Forgiveness doesn’t mean nothing changed. Within a month of the shooting, the Confederate battle flag — a symbol Roof had adored — was removed from the state-capitol grounds. Walmart and Amazon stopped selling items bearing the flag. Thousands marched in a peaceful display of solidarity.

Director Brian Ivie has captured in searing detail the well of pain and faith from whence these acts of hate and forgiveness flowed. His documentary “Emanuel,” debuting June 17, provides insights into Charleston’s racial history and the prominent role of Emanuel in the South.

Thanks to assistance from basketball star Stephen Curry and other celebrities, Ivie had the resources to craft a stunning piece of filmmaking.

Ivie doesn’t sweep the religious roots of these responses under a rug but presents them with powerful frankness. To a world convinced that Christianity is either a spent force or a farce, he showcases undeniably powerful and authentic ­depictions of faith in action.

I watched an advanced screening of “Emanuel” with an audience of people from a variety of backgrounds. Afterward, it became clear that though we had watched the same film, we had seen different things.

A brief shot of a white-gloved honor guard respectfully folding the Confederate flag as it came down one final time was lost on me, but others zeroed in on it. One woman noted the importance of whites moving beyond mere ­silence on these questions. When whites don’t speak, another black woman said plaintively, “it wounds us.”

Healing those wounds will ­require facing unpleasant parts of our history that have been hidden or warped into causes for celebration. I remember my sad surprise upon reading about the 2018 opening of the National Memorial for Peace and Justice in Montgomery, Ala. It commemorates the victims of lynchings, and its companion ­museum catalogued hundreds of lynching sites, with soil from each location stored in a glass jar.

I was shocked to see dirt from Cass County, Texas, where I spent my childhood, featured in a New York Times photograph. When I was growing up, lynchings were never spoken of, at least not within range of my white ears. Later, I learned that Cass County became Davis County in 1861 — to honor Confederate President Jefferson Davis — before reverting back in 1871.

Though the capital of the Confederacy eventually moved to Richmond, Jefferson Davis first governed from Montgomery. His residence there is remembered as the First White House of the Confederacy and is maintained “as it appeared in the spring of Southern independence in 1861.” A brass plaque on the steps of the Alabama state capitol marks where Davis took the oath of office.

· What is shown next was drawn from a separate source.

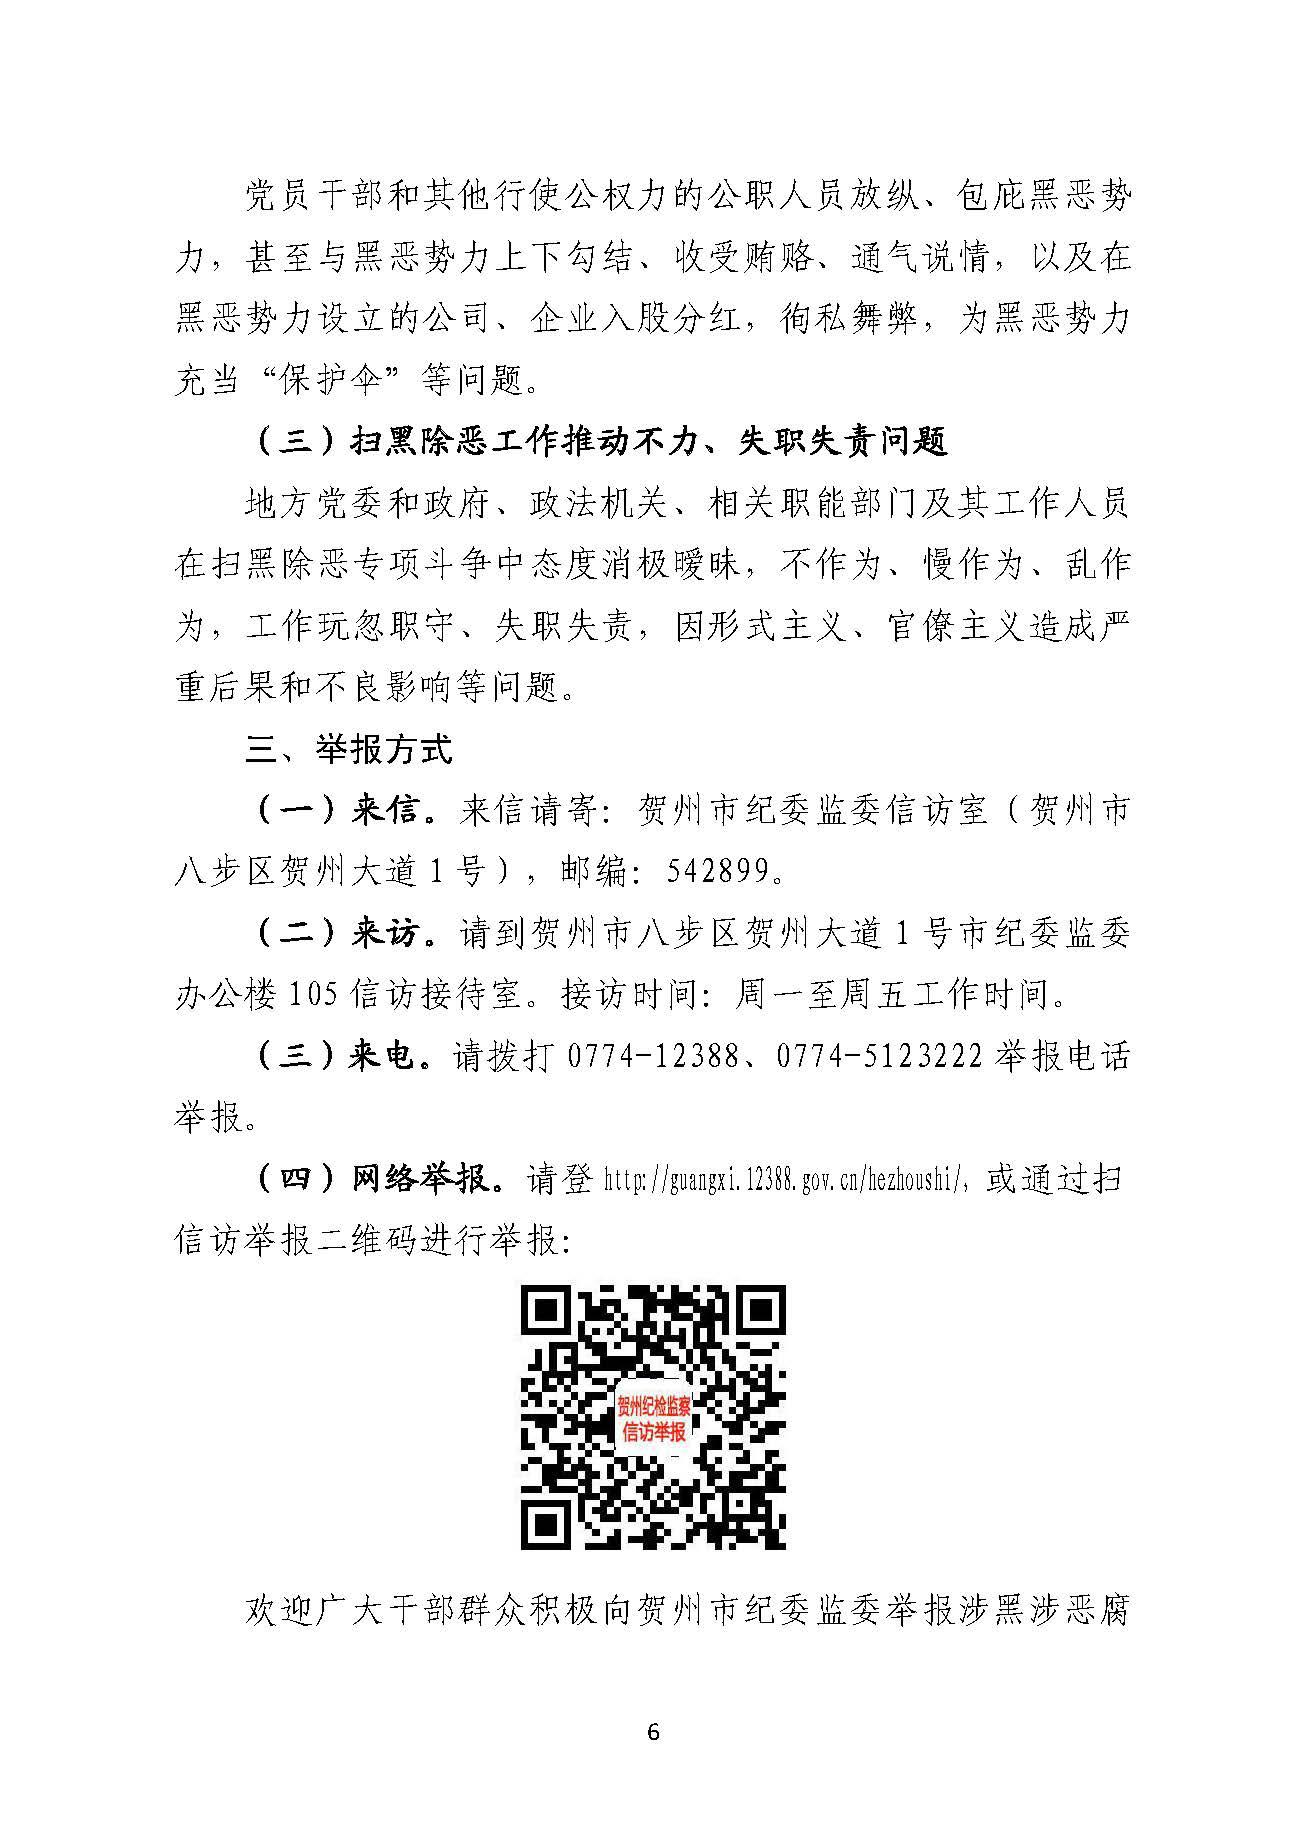 关于进一步加强扫黑除恶专项斗争监督执纪问责宣传工作的通知2_页面_6.jpg

Not far from that marker is the Foundation for Moral Law, founded in 2002 by Roy Moore — he of 5,000-pound granite Ten Commandments and a famously failed run for the Senate. The foundation is located in an 1856 building built by a bank that, as the foundation notes, “generously supported the Confederacy.” In 2010 the building was used to host a celebration of Alabama’s secession, a move that probably came as no surprise to those familiar with Moore’s neo-Confederate ties.

“Emanuel” is the story of an ­extreme conversation between Roof, a white man radicalized with the help of such Confederate symbolism, and an African-American community that responded with faith despite great pain. But forgiveness is a pathway to healing — not a license to forget. While the story of the Emanuel nine shouldn’t be the end of our conversations, this film is a powerful start.

John Murdock is an attorney and writer with roots in Texas. Adapted from First Things.